For my 3BR Red Float week the 2016 fees were 5180R.  This converted to about $435 with the currency exchange and CC fees (approximately 12R/$).  Also received my requested RCI deposit notice a couple days later (week 49, 17 TPU).


----------



## silentg

How long did it take them to respond? I sent an email last week asking for an invoice. No response yet. Has anyone just walked away? If I don't hear back, I may do that. Dikhololo is a hassle


----------



## pagosajim

silentg said:


> How long did it take them to respond? I sent an email last week asking for an invoice. No response yet. Has anyone just walked away? If I don't hear back, I may do that. Dikhololo is a hassle



There was just a day or two turnaround on all my communications this year.  In the past, however, it had taken several days and they never seemed to get it quite right, therefore forcing even more email exchanges.

I don't bother asking for an invoice.  I submit their form with all the necessary information and request that we coordinate payment using my CC that needs to have a foreign block removed for the day of the transaction.  This year they almost got it right on the first try, but didn't run the transaction on the day promised.  The second request for the next day did the trick.


----------



## EJC

*Which email address for Dikhololo?*

I just emailed my mtnc fee info to fin@dikhololo.com.  HOWEVER, after I sent it, I noticed the last few years I sent it to fin@dikhololo.co.za.  Will my email be received at the .com address (as opposed to to co.za address)???


----------



## EJC

*Dikhololo email address*

The email I had sent to fin@dikhololo.com ended up not being delivered.  The CORRECT email address is:   fin@dikhololo.co.za


----------



## JackieD

In years past it has been a quick experience to pay for and bank my weeks with Dik through the above posted email.  Has anyone paid for a 1 BR red float for 2016? I want to have the amount before submitting my payment info and I have been trying for a week to find out the amount with no answer.


----------



## EJC

On 4/29 I was charged $246.25 USD for the levy on a 1-bdrm. Plus, my credit card charged a $7.38 foreign transaction fee.


----------



## Barbi711

*no foreign transaction fee*

I switched to a Visa Capital One card to pay maint. fee to Dikhololo. No foreign transaction fees.


----------



## gloria

*it's that time again to deposit my dikhololo week*

hey tug peeps -- 

does anyone even own a dikhololo week anymore?.....

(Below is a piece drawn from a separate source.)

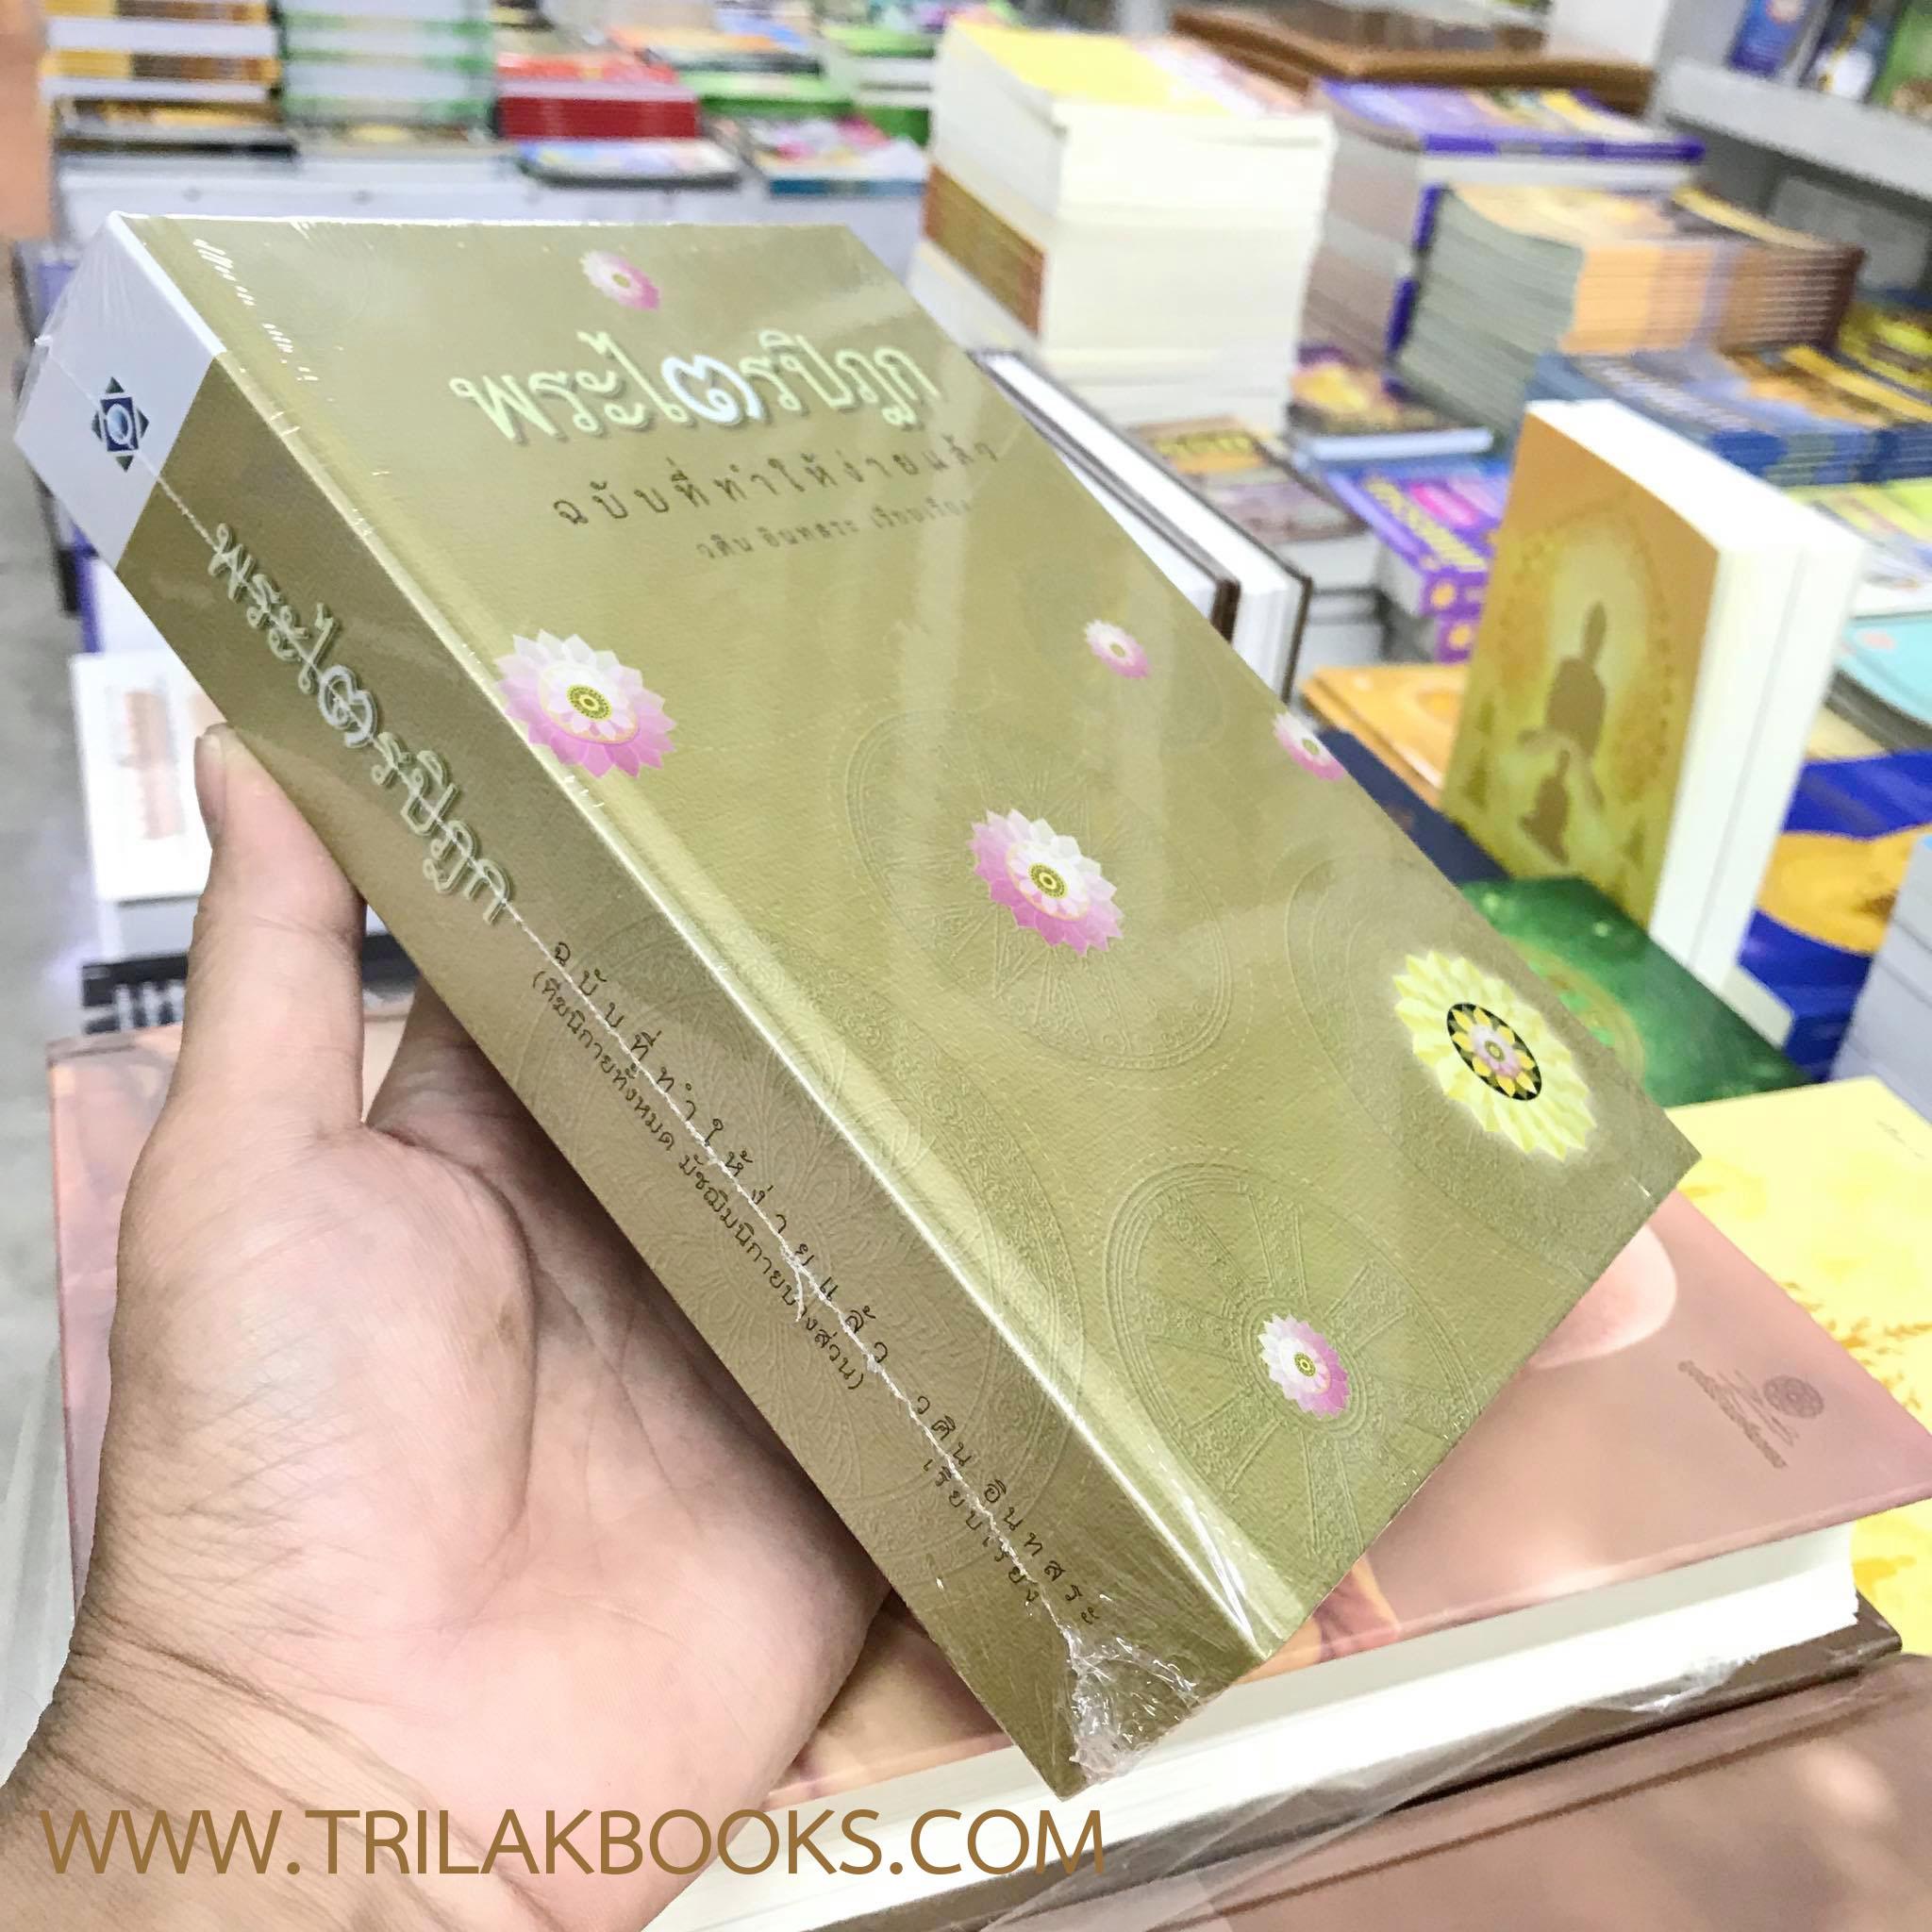 หนังสือพระไตรปิฎก ฉบับ ที่ทำให้ง่ายแล้ว

it's time to deposit my 2017 week...

i used this email, last year, but it bounced back this year:   fin@dikhololo.com

is there a better email to use?....please help...

thanks for any sage advice...

gloria .


----------



## MULTIZ321

gloria said:


> hey tug peeps --
> 
> does anyone even own a dikhololo week anymore?.....
> 
> it's time to deposit my 2017 week...
> 
> i used this email, last year, but it bounced back this year:   fin@dikhololo.com
> 
> is there a better email to use?....please help...
> 
> thanks for any sage advice...
> 
> gloria .



Hi Gloria- 

Did you see Post # 10 in this thread?  Try that address & see if it works.

Good Luck.

Richard


----------



## pagosajim

Has anyone had luck paying their maintenance fees this year?

I've now sent a couple of messages over the past 2 weeks and not received a reply to either.  My initial inquiry included payment info with instruction to coordinate with me on submitting payment after I've arranged for 24-hr. removal of the foreign transaction block on my credit card (has worked in the past after a few back-and-forth messages).  That message was sent to the fin@dikhololo.co.za address .  I have since followed up with another message to that address and 3 other addresses that I've accumulated over the years to elicit some sort of response from SOMEONE.  So far, no go.

What to do?


----------



## dghardy

*2017 Fees*

Sent information to them last day of Feb. Card was charged on March 10th for $419.11 for 2 red weeks. Received information that they have been entered into RCI SA. As of today have not shown up in my RCI USA account.

Email used was fin@dikhololo.co.za


Doyle


----------



## jdetar

payment was just accepted, still waiting on deposits as well. looks like there's a new process for that as well, they're no longer sending receipt's and you have to Email another person (Marike) to request that.


----------



## philemer

I sent my credit card info today to pay 2017 levy and asked for wk. 14 or 15. We'll see how long this process takes. Also asked to have week dep. w/RCI. Fingers crossed.


----------



## philemer

philemer said:


> I sent my credit card info today to pay 2017 levy and asked for wk. 14 or 15. We'll see how long this process takes. Also asked to have week dep. w/RCI. Fingers crossed.



Card charged 7/21 but bank (Chase) rejected it as possible fraud. Dik. ran it through again on 7/26. Success. Still haven't seen the week appear in RCI acct.  Total for 2BR was $311. Nice exchange rate.


----------